Sunday, October 08, 2006

Once more unto the beach

The first hint that our planned perfect day out at Crosby may not go to plan was the large apple that was thrown at the windscreen of the Taylor-Gee bus (our 7 seater) from the side of the M57 by a tracksuited child. The old bill were informed, they knew all about this idea for Saturday afternoon fun, and were on their way.

At a roundabout near the entrance to the docks was a posse of hoody youths flicking Vs at passing cars. We told our lads that they were waving to welcome us to Liverpool. Which in a way I suppose they were.

Following the signs to Antony Gormley's statues we parked up at the far side of Crosby Marina (as it turned out) and the kids played in a park for a bit. The hike to the dunes took a while, with most of us suffering from one ailment or another - I've got a gammy eye, Rachel's got the twins' party to worry about. Then there are the kids: one has a cold, two have a disorder called LOF (Lack of Football) which means they can't cope without a ball to kick around, and the hike made all of them tired.

The statues were great, and it was worth the trip to see them and to spark the kids fascination, even on a cold day. But the beach was effectively the municipal tip. Rubbish everywhere. Including syringes and broken bottles. Nice.

The dunes provided a more fertile space for imagination and play. But most of us seemed to have at least one close encounter with dog poo. And as much as I love my Timberland boots, getting it out with a lolly stick and a packet of wet wipes was a struggle.

Hungry kids need food by 4pm and Satterthwaites came to rescue. Even gently microwaved sausage rolls were crisp and tasty. Best I've ever had, said both Rachel and the senior lad. Too small, said one twin. The pork pies, as recommended by Dougal Paver, were warmed at home in the Aga and eaten with Marrowfat peas. I think we have another winner.

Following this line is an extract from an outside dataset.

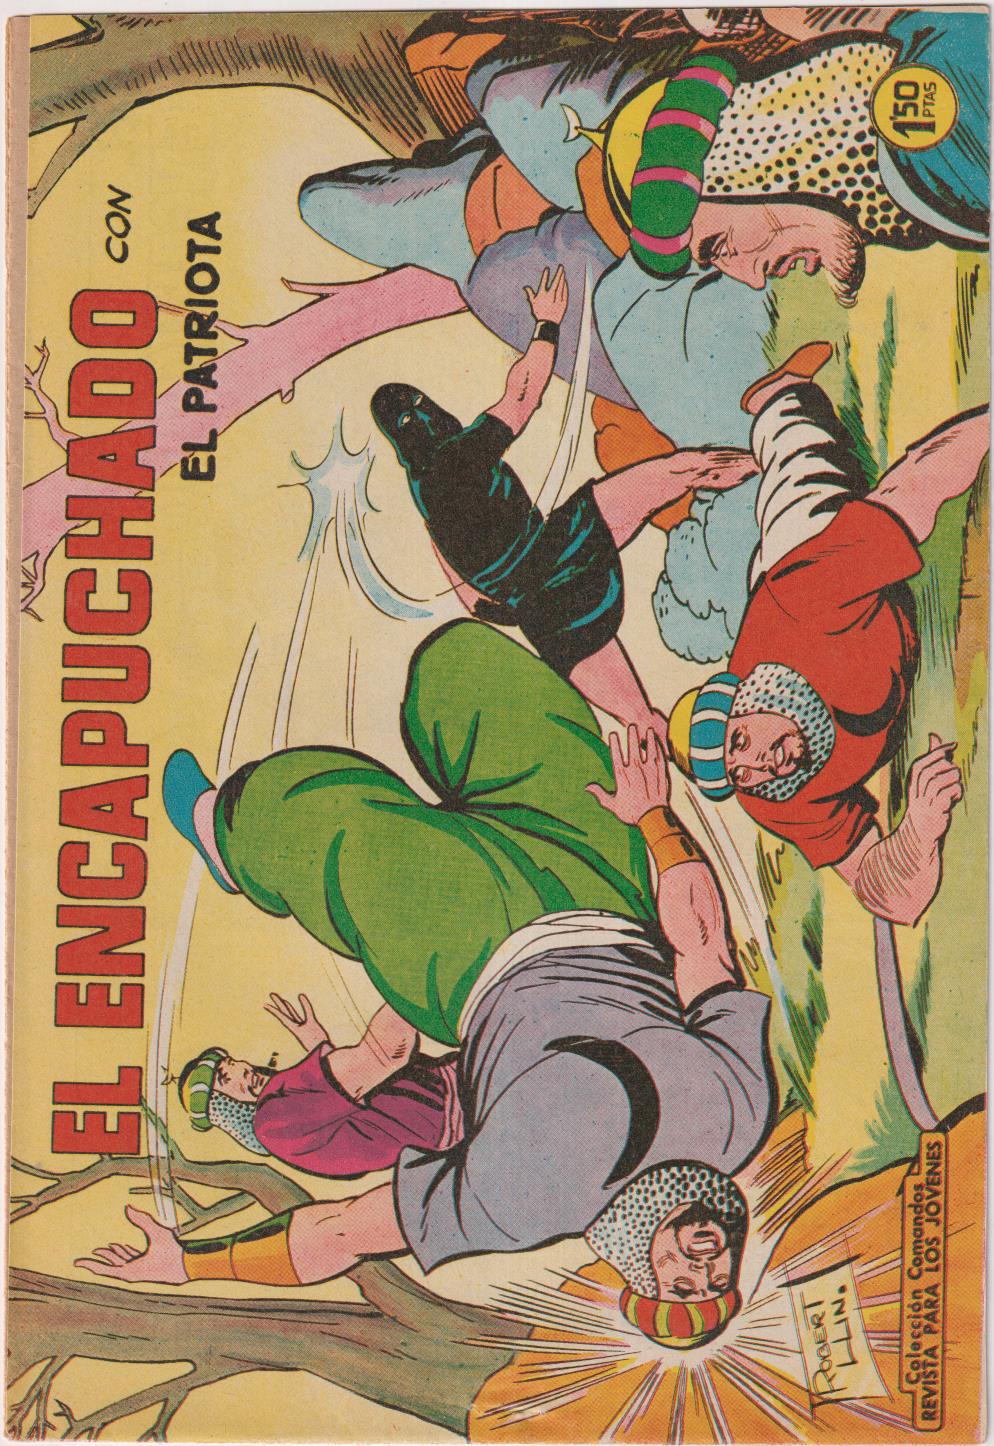 El Patriota. Colección Completa, 18 ejemplares. Valenciana 1960. MUY ESCASA ASÍ

I'm reluctant to take cheap digs at Liverpool and draw conclusions about the European Capital of Culture 2008. But some of our memories of this day out consist of all of the above, plus more scally kids, a surly youth in a paper shop, a feral biker doing wheelies up Crosby's main drag on an off road trials bike, and the veneer of dog mess on the park. But this was my truth; tell me yours...

1 comment:

Mr Bevan, for sure said...

The truth in which Manchester is one of the most-crime ridden cities in the UK, with Liverpool's crime rates much smaller in comparison?

Or the one that a wearingly predictable anti-Liverpool Manchester bigot manages to "see" more crime and disorder in a single daytrip to Liverpool from his home in North West crime capital, Manchester than I have seen in years in the city? You visited Crosby for pity's sake - it's not the inner city.

Nevertheless that someone who is the editor of his purported "North West region" is so ignorant and prejudiced about one of the two biggest cities in the "region" his magazine is meant to cover - it confirms yet again the insanity of Liverpool ever being reported by Manchester-based media operations.

Too many Mancunians seem to be so bitter and insecure about Liverpool - somehow, deep down, they realise that, despite the now decades of ridiculous hype about their city issuing from the usually London-based media institutions that have parachuted "regional" offshoots into their city, the place, regenerated a somewhat or not, is really nothing special. A big, ugly, sprawly milltown with some London backoffices parachuted into it and some of the worst social and crime problems of a city in western Europe, not to mind the UK.

Harsh? Well you started it, and nothing of what I have written isn't true.